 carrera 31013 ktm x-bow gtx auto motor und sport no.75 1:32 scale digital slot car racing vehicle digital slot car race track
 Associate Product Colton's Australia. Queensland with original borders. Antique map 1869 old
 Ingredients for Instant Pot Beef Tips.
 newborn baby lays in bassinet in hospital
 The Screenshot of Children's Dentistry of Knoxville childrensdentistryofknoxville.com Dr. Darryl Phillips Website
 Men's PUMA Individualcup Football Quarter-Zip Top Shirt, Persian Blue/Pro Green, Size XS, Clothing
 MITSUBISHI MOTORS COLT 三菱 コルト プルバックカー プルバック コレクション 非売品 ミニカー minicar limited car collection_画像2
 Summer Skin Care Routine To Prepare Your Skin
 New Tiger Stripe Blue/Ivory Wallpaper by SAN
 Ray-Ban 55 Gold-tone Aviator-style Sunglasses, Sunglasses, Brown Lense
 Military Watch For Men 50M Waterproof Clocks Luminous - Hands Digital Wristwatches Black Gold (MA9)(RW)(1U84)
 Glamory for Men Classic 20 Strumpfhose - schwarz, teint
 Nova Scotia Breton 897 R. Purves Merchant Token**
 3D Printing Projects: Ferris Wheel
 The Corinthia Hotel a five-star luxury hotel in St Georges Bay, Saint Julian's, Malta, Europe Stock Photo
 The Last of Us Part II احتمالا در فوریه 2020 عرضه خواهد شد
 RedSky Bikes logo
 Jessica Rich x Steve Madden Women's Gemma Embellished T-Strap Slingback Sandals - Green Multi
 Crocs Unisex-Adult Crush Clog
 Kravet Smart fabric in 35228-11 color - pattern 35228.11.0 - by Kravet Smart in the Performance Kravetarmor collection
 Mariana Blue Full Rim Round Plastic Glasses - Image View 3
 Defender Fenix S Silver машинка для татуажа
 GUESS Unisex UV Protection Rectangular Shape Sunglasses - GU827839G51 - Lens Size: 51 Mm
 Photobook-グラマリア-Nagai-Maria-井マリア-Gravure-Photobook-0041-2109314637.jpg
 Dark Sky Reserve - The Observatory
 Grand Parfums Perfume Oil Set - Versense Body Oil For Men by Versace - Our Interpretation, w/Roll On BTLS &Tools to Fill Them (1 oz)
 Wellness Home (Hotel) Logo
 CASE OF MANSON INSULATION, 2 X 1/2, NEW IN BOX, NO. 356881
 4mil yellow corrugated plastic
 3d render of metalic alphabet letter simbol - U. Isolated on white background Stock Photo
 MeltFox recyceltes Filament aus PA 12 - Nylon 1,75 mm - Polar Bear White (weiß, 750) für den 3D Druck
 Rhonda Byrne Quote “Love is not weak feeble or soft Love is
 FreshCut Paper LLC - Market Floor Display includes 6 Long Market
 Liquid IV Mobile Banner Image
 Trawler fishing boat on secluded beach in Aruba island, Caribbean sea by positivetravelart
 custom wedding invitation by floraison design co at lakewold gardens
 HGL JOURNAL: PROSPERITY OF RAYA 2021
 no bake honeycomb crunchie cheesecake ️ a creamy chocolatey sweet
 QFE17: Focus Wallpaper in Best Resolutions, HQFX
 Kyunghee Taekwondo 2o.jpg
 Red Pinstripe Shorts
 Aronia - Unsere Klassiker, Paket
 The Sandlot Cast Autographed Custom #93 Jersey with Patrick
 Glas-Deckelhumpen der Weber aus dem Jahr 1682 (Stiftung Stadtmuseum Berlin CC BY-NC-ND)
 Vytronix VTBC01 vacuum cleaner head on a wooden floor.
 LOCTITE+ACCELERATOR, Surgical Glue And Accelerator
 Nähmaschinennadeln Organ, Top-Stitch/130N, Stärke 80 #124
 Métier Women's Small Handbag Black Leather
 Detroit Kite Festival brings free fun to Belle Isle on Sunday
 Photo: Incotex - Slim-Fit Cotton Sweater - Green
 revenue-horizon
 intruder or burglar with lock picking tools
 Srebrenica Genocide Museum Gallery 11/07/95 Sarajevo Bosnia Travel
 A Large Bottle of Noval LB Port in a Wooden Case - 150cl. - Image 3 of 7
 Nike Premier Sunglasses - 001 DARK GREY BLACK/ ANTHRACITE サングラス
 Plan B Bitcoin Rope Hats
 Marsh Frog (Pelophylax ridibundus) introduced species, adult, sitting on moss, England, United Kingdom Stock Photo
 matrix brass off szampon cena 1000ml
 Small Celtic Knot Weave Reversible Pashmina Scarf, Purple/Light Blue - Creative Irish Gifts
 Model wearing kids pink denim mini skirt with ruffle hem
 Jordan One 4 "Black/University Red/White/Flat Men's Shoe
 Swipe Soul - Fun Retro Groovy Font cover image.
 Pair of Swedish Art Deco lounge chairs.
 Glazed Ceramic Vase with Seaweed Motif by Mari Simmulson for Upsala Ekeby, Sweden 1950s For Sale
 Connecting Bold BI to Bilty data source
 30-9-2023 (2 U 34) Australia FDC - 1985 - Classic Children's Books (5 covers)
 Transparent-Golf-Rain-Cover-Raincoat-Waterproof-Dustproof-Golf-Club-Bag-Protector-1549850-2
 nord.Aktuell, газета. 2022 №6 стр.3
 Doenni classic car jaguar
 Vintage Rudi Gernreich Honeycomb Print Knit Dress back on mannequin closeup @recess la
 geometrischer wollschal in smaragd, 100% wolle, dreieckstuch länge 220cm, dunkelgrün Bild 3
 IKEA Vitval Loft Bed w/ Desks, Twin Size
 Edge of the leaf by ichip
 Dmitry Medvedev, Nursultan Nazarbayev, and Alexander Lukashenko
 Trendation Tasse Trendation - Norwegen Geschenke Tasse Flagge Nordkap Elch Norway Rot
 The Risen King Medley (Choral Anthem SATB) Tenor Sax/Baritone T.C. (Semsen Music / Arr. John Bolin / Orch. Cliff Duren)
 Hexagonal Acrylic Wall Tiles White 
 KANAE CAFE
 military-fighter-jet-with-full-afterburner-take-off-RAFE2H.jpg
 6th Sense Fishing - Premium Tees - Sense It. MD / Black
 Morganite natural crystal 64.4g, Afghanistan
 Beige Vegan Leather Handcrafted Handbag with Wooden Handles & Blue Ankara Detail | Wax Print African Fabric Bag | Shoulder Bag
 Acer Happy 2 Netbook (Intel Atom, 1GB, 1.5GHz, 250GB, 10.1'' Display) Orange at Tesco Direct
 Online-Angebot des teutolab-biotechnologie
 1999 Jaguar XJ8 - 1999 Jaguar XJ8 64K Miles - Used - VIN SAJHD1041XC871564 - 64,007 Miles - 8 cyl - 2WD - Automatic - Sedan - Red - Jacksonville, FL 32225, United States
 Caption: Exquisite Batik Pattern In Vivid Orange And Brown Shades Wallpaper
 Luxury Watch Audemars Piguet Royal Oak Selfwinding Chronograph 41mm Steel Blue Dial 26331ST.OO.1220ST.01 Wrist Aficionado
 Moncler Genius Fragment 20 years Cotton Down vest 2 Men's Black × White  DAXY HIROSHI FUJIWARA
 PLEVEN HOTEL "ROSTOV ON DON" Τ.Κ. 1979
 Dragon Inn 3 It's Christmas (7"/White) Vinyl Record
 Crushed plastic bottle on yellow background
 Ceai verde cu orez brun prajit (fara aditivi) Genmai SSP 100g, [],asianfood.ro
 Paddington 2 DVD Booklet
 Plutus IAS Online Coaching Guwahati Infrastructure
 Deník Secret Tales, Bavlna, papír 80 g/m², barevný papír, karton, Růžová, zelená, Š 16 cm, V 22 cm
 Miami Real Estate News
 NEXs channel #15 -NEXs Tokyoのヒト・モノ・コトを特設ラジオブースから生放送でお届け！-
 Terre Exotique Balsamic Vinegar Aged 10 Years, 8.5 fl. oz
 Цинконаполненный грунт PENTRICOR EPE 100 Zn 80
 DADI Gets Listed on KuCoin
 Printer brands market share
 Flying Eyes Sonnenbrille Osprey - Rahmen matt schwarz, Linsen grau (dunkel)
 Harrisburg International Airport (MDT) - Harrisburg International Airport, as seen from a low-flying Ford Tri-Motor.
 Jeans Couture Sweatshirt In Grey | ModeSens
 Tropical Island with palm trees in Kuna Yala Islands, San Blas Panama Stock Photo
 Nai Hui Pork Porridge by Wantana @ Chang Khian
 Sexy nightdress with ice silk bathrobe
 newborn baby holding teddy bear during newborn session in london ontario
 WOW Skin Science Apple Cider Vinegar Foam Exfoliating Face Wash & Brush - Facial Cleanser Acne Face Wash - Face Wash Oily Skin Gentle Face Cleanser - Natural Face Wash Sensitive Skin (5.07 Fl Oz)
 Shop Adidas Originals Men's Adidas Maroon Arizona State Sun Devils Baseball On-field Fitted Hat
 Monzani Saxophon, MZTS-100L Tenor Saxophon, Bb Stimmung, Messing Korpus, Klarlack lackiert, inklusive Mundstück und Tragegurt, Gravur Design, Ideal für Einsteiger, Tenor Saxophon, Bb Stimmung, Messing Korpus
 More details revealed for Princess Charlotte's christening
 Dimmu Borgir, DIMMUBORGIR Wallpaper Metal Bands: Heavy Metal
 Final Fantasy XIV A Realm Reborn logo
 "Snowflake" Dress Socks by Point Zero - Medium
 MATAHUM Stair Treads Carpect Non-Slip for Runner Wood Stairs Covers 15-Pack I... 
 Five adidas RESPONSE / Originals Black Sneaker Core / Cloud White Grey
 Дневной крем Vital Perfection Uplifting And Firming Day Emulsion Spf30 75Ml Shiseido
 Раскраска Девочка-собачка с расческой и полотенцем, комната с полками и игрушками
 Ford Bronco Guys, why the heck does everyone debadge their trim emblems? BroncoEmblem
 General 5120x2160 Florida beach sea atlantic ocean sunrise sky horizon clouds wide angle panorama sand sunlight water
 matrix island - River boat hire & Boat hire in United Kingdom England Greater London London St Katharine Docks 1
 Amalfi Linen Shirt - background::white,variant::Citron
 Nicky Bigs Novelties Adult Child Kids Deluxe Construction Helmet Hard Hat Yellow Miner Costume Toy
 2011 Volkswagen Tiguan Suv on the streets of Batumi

### Task
Within the material above, transcribe exactly the lines that run from the line holding "Printer brands market share" through the line holding "Amalfi Linen Shirt".

### Written solution
 Printer brands market share
 Flying Eyes Sonnenbrille Osprey - Rahmen matt schwarz, Linsen grau (dunkel)
 Harrisburg International Airport (MDT) - Harrisburg International Airport, as seen from a low-flying Ford Tri-Motor.
 Jeans Couture Sweatshirt In Grey | ModeSens
 Tropical Island with palm trees in Kuna Yala Islands, San Blas Panama Stock Photo
 Nai Hui Pork Porridge by Wantana @ Chang Khian
 Sexy nightdress with ice silk bathrobe
 newborn baby holding teddy bear during newborn session in london ontario
 WOW Skin Science Apple Cider Vinegar Foam Exfoliating Face Wash & Brush - Facial Cleanser Acne Face Wash - Face Wash Oily Skin Gentle Face Cleanser - Natural Face Wash Sensitive Skin (5.07 Fl Oz)
 Shop Adidas Originals Men's Adidas Maroon Arizona State Sun Devils Baseball On-field Fitted Hat
 Monzani Saxophon, MZTS-100L Tenor Saxophon, Bb Stimmung, Messing Korpus, Klarlack lackiert, inklusive Mundstück und Tragegurt, Gravur Design, Ideal für Einsteiger, Tenor Saxophon, Bb Stimmung, Messing Korpus
 More details revealed for Princess Charlotte's christening
 Dimmu Borgir, DIMMUBORGIR Wallpaper Metal Bands: Heavy Metal
 Final Fantasy XIV A Realm Reborn logo
 "Snowflake" Dress Socks by Point Zero - Medium
 MATAHUM Stair Treads Carpect Non-Slip for Runner Wood Stairs Covers 15-Pack I... 
 Five adidas RESPONSE / Originals Black Sneaker Core / Cloud White Grey
 Дневной крем Vital Perfection Uplifting And Firming Day Emulsion Spf30 75Ml Shiseido
 Раскраска Девочка-собачка с расческой и полотенцем, комната с полками и игрушками
 Ford Bronco Guys, why the heck does everyone debadge their trim emblems? BroncoEmblem
 General 5120x2160 Florida beach sea atlantic ocean sunrise sky horizon clouds wide angle panorama sand sunlight water
 matrix island - River boat hire & Boat hire in United Kingdom England Greater London London St Katharine Docks 1
 Amalfi Linen Shirt - background::white,variant::Citron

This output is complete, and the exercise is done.